After that “Jazz Ambassadors” program wrapped up, Gillespie remained an ambassador for the music in his own right, leading small groups with sidemen like a young Quincy Jones, a then-teenaged trumpeter Lee Morgan, alto saxophonist Phil Woods, and pianist Wynton Kelly.
In 1968, Gillespie converted to the Baha’i faith, which hinges on the idea that humanity is part of one family – a concept that defined the latter period of his life. While Gillespie stayed mostly in first-gear creatively in the ensuing decades, he remained a first-rate trumpeter and educator.

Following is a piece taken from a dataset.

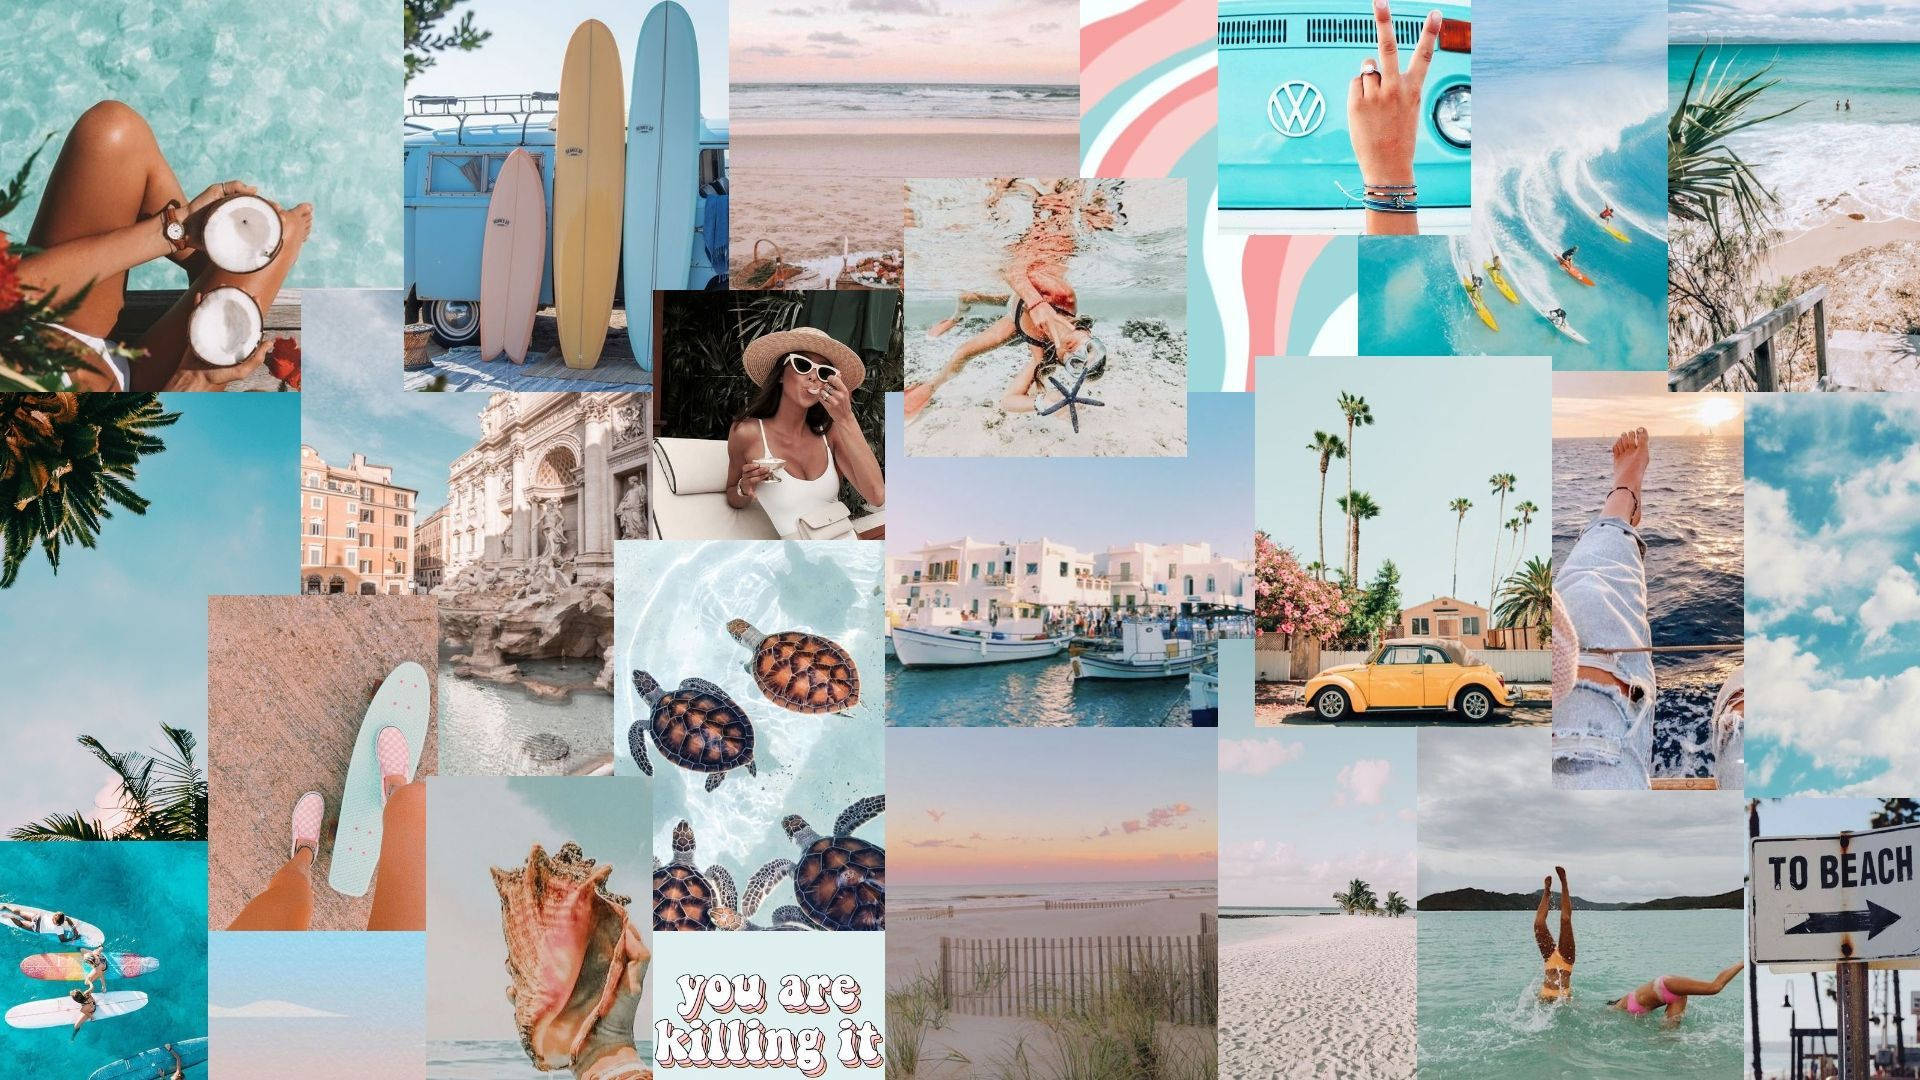 Get Ready for Summer with this Stylish Laptop Wallpaper

Although the jazz world he once reigned over was crawling with imitators, they knew he was still the boss. For stellar late-period Gillespie, check out 1974’s Dizzy Gillespie and Oscar Peterson, a duet album between himself and the piano giant. Their original “Mozambique” shows how his abilities remained undimmed.
Gillespie died of pancreatic cancer in 1993 at 75. “[M]aybe my role in music is just a stepping-stone to a higher role,” he wrote at the end of his autobiography. “The highest role is the role in the service of humanity, and if I can make that, then I’ll be happy. When I breathe the last time, it’ll be a happy breath.”